Sonreí y, acaso debido a los efectos de la borrachera, la encontré más hermosa que la otra vez. Luego, sentados los dos sobre la cama, Ofelia me contó lo sucedido desde entonces y cómo había descubierto que su verdadera profesión era la que estaba ejerciendo en aquel lugar. Finalmente, antes de despedirnos, me dijo:
--Vuelve por aquí cuando tengas un mal día--, y añadió sonriendo--: o cuando estés tan contento como hoy, que para dar rienda suelta a los malos humores da lo mismo una ocasión que otra. Nosotras estamos para eso.

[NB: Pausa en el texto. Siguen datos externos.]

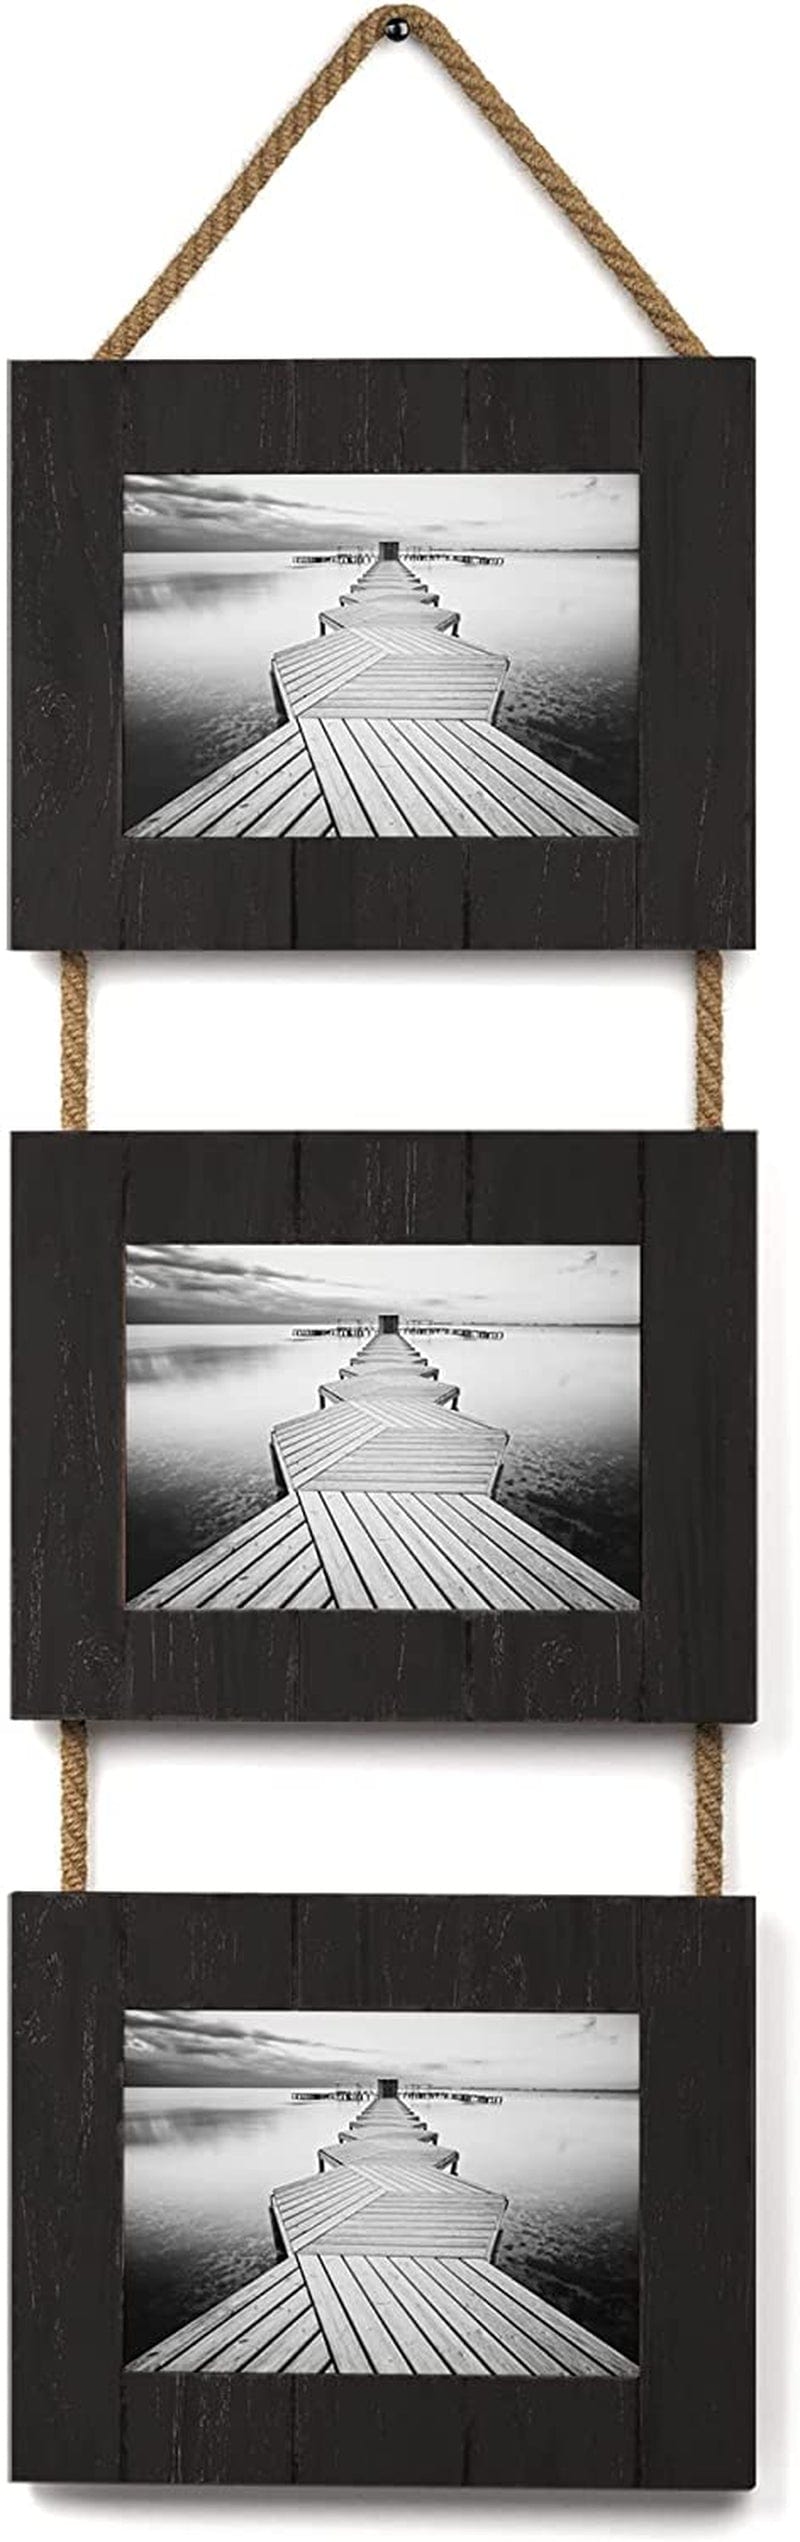 Barnyard Designs 5X7 Rustic Picture Frame 5X7, Wood Picture Frames, Farmhouse Picture Frames, Distressed Wood Frame, Rustic Frames, Horizontal Display, Wall Hanging Farmhouse Frames, White, Set of 3 Home & Garden > Decor > Picture Frames Barnyard Designs Black

A los pocos días, tras recuperarme de la resaca y de mi casual reencuentro con Ofelia, escribí la primera crónica breve para el Diario. Fue a propósito de un motín que los trabajadores del campo y la ciudad llevaron a cabo en el mercado del Borne, promovido por la comisión de la que formaba parte Valentí. La policía cargó contra los alborotadores y detuvo a unos cuantos. En una publicación barcelonesa salió una breve nota diciendo que los amotinados eran gentes sin oficio ni beneficio, familias de holgazanes que habían desocupado los lugares de sus viviendas, la labor del campo y las profesiones en que se criaron, revoltosos de la clase social más ínfima, vagos y maleantes, gentes inferiores sin cabeza cierta y no sé cuántas mentiras más, porque, haciendo las averiguaciones pertinentes con ayuda de Albert, llegamos a la conclusión de que las personas que detuvieron tras las algaradas eran en su mayor parte labradores, herreros, canteros, curtidores y menestrales.